Forza Italia contro Fini: "Mistifica la realtà su passato e presente"

Bondi e Cicchitto con il leader di An, dura replica domani su "Il Giornale" al leader di An che ha accusato Silvio Berlusconi di voler riportare la politica alla prima repubblica. La lista degli errori fatti commettere da Fini, che vuol fare una partito di sentrodestra anche senza il Cavaliere, alla Casa delle libertà

Milano - "Gianfranco Fini mistifica la realtà, sia per ciò che riguarda il passato, sia per ciò che riguarda il presente". Comincia così la dura replica di Forza Italia, che "il Giornale" pubblicherà domani, al presidente di An che aveva accusato Silvio Berlusconi di voler riportare la politica alla prima Repubblica. "Il 16 novembre, Fini ha proposto di aprire un confronto con Veltroni.

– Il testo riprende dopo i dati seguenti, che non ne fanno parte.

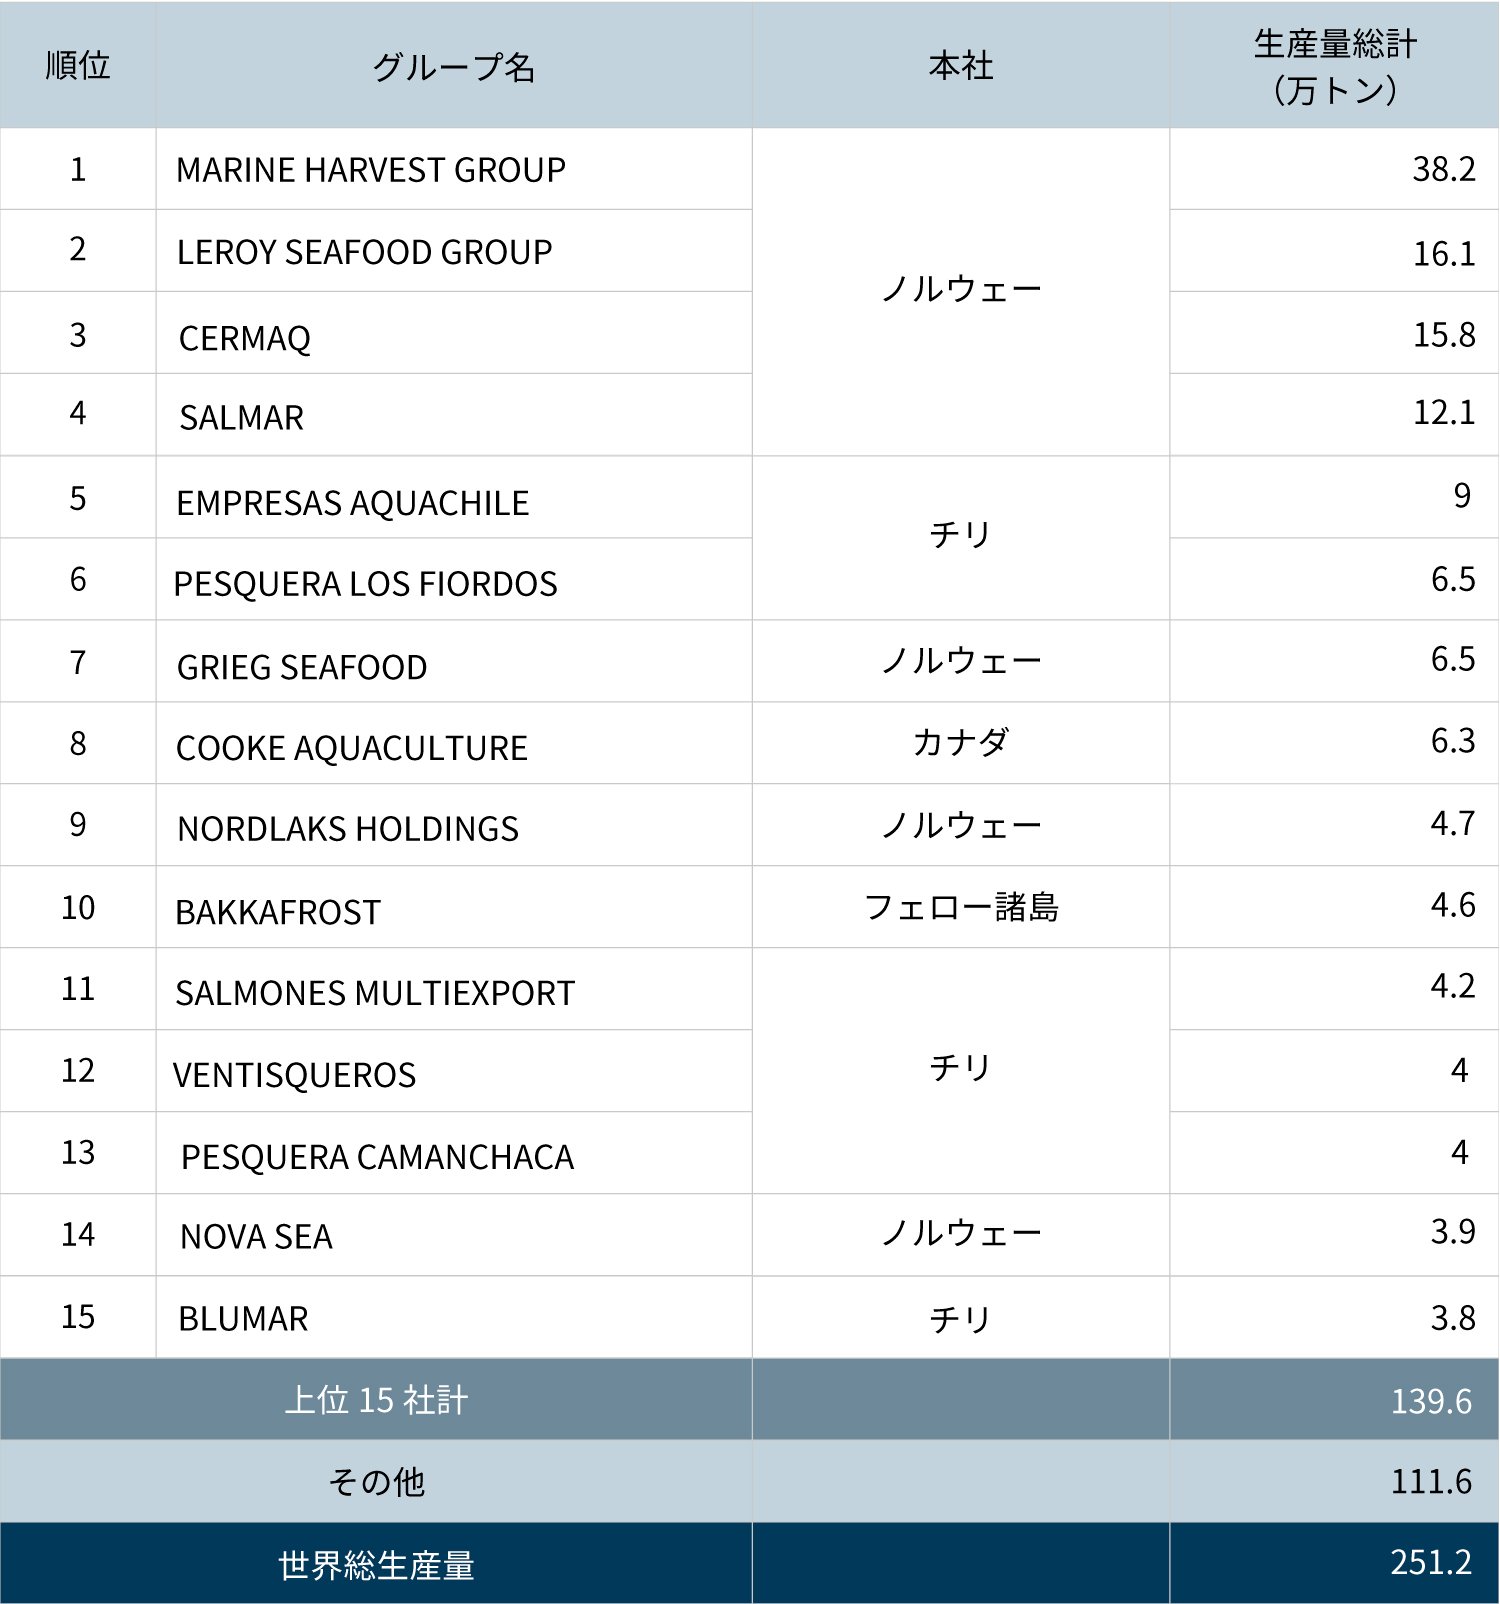 養殖サーモン類生産量世界上位15社の生産状況（2013年）

Non si capisce perché se lo propone lui è un atto di responsabilità - scrivono i coordinatori di Forza Italia Sandro Bondi e Fabrizio Cicchitto - e se lo propone il leader del partito di maggioranza relativa è invece una scorrettezza nei confronti degli altri partiti del centrodestra". Lunga è poi la lista di errori che, secondo Forza Italia, il presidente di An avrebbe fatto commettere alla Casa delle Libertà.

Fini ha lancia la sua sfida annunciado infatti la sua intenzione di mettere in campo una nuova formazione di centrodestra con un sistema di alleanze alternative alla sinistra, anche senza il Cavaliere. "La Cdl è stata demolita da Silvio. Ma un sistema di alleanze alternative al Pd o all'Unione è possibile con o senza il demolitore. Il monopolio della politica non è previsto", dice Fini al direttore di Libero, Feltri. Con chi intende costruire il nuovo schieramento? "Semplice - risponde - con tutti quelli che ci stanno. Con chi ha idee e principi da condividere con noi". E alla domanda se ci sia posto anche per alcuni "disadattati del centrosinistra", Fini risponde: "Non abbiamo preclusioni. Bisogna verificare se ci sono i presupposti per allearsi. Se gli elementi che uniscono sono più importanti di quelli che eventualmente dividono".

Il leader di An conferma quindi che non entrerà nel Pdl di Berlusconi e spiega perché: "Il Cavaliere ha fatto tutto sa sé. Ha messo in piedi i circoli della Libertà con la Brambilla, poi ha creato il partito della libertà senza neanche avvertire i suoi amici di Forza Italia quindi ha distrutto la Cdl. E ora dovremmo bussare alla sua porta con il cappello in mano e la cenere sulla testa? Non siamo postulanti". E all"appellò di Feltri; "Scusi Fini, torni all'ovile", risponde secco: "Sono il presidente di An non una pecora". Fino torna a bocciare il negoziato Veltroni-Berlusconi sulla legge elettorale e dice che con la bozza Bianco "ci guadagna solo Veltroni. Se prima delle elezioni non dovesse dichiarare la sua alleanza con la sinistra estrema avrebbe molti voti. Se invece fosse costretto ad annunciarla perderebbe".

L'azzurro Scajola: "Non si può fare senza Berlusconi" "Io qui mi sento a casa mia e non in casa avversaria. Ciò che è accaduto ad Assisi a Cicchitto lo metto tra una parentesi". Esordisce così l'azzurro Claudio Scajola, ospite di Alleanza Nazionale alla Convention 'Forum per la nazione'. Ma subito, commentando l'intervista di Gianfranco Fini, che oggi parla di un centrodestra alternativo alla sinistra possibile anche senza Berlusconi, Scajola ribatte: "Non credo sia possibile e non voglio neppure che sia tentato". "Dobbiamo cercare invece ogni motivo di unità e di coesione - prosegue Scajola -. Voliamo alto, le regole sono tutte da scrivere insieme". "Non si può pensare - va avanti ancora l'esponente azzurro - che Berlusconi voglia rompere con An-Udc e Lega. Per essere sinceri Berlusconi ha preso atto per ultimo e non per primo che l'esperienza della Cdl era finita. Per mesi non ha potuto convocare vertici perché Casini dichiarava che non avrebbe partecipato. Sono stati gli alleati per primi a definire la Cdl finita, non Berlusconi".